The probability of selecting a bad battery is $q=0.04$ and the probability of selecting a good battery is $p=1-q=0.96$ .

We can consider this process as binomial experiment:

suppose we select $n$ batteries and let $X$ be the number of good batteries.

Then $X\sim B(n,p)$ . We will use formula $P(X=k)= \binom{n}{k} p^k q^{n-k}$ .

a) $n=10$

$P(X=7)= \binom{10}{7} 0.96^7 \cdot 0.04^{3}=120\cdot 0.96^7 \cdot 0.04^{3}=0.0057$

b) $n=15$

The probability that at least 13 batteries are bad is equal to the probability that at most 2 batteries are good.

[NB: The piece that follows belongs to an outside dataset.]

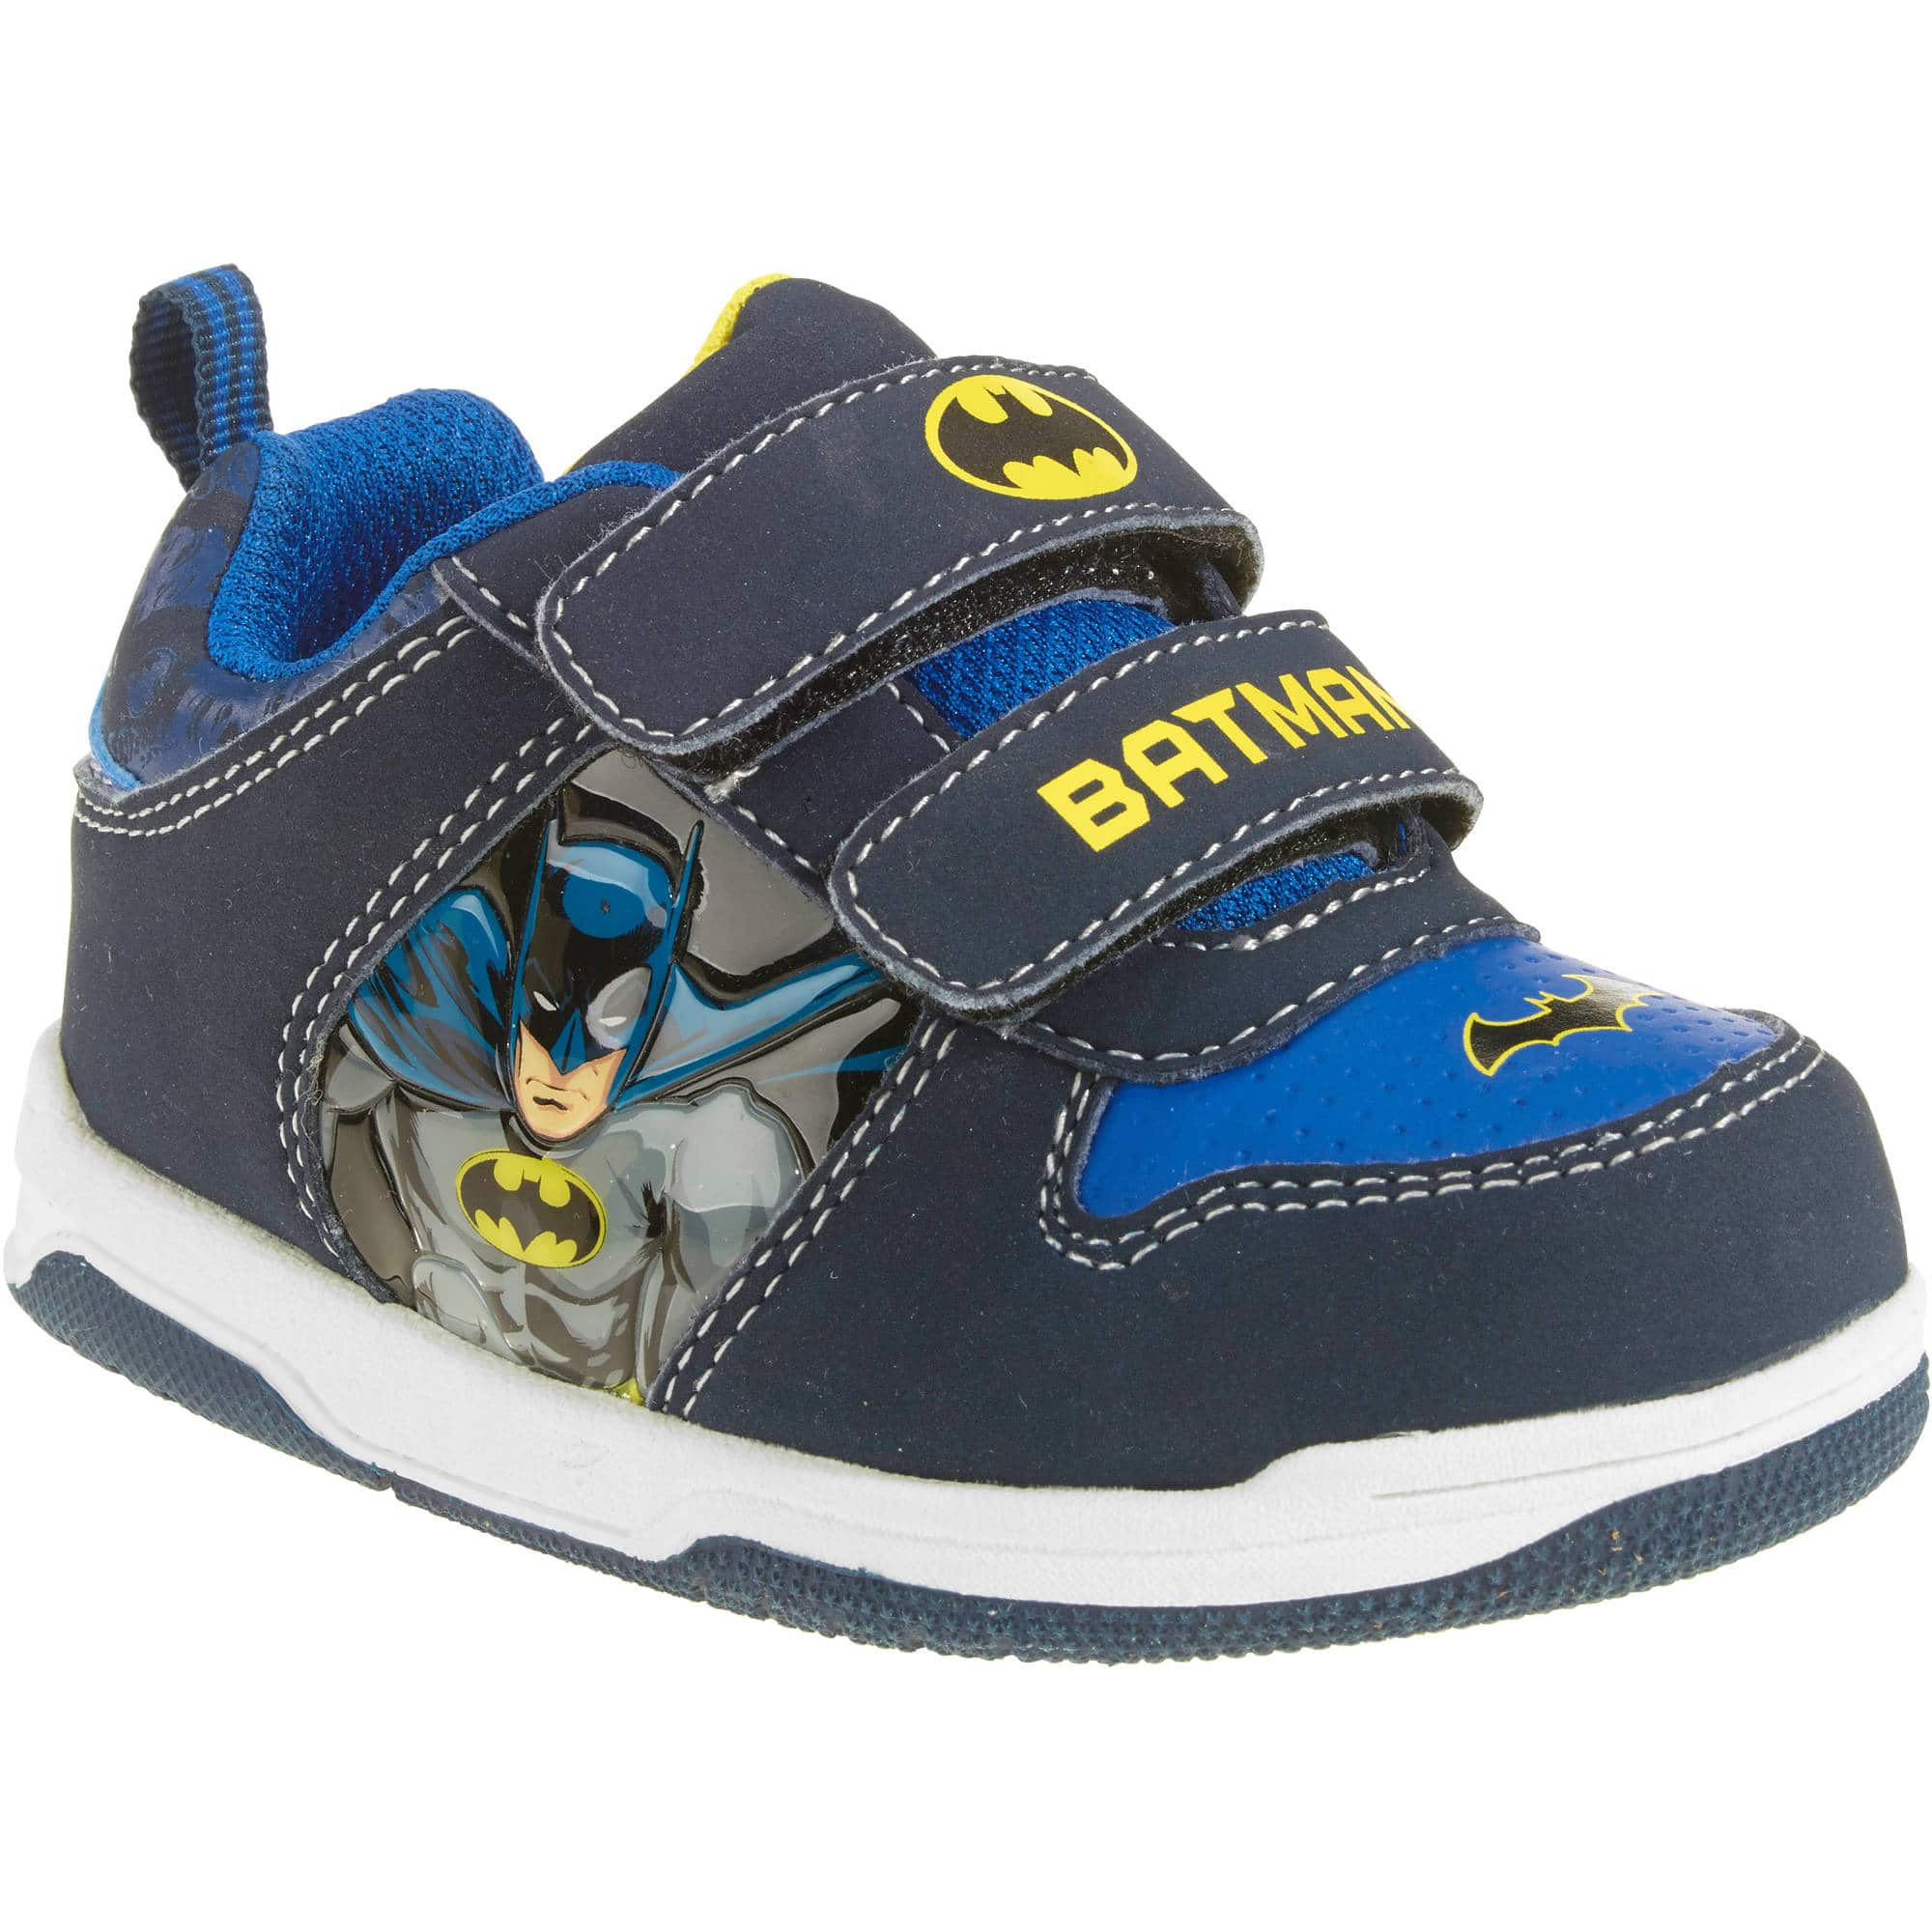 Walmart : Batman Toddler Boys' Skate Sneaker for $9.83 Free Pick Up

$P(X\leq 2)=P(X=0)+P(X=1)+P(X=2)= \\ =\binom{15}{0} 0.96^0\cdot 0.04^{15}+ \binom{15}{1} 0.96^1\cdot 0.04^{14}+ \binom{15}{2} 0.96^2\cdot 0.04^{13}=\\ = 1\cdot 0.04^{15}+ 15\cdot 0.96\cdot 0.04^{14}+ 105\cdot 0.96^2\cdot 0.04^{13}\approx 0$

c) $n=20$

$P(X\leq 18)=1-P(20\geq X\geq 19)=1-P(X=19)-P(X=20)= \\ =1-\binom{20}{20} 0.96^{20}\cdot 0.04^{0}- \binom{20}{19} 0.96^{19}\cdot 0.04^{1}=\\ = 1-1\cdot 0.96^{20}-20\cdot 0.96^{19}\cdot 0.04\approx 0.18966$

Answer: a) 0.0057; b) 0; c) 0.18966.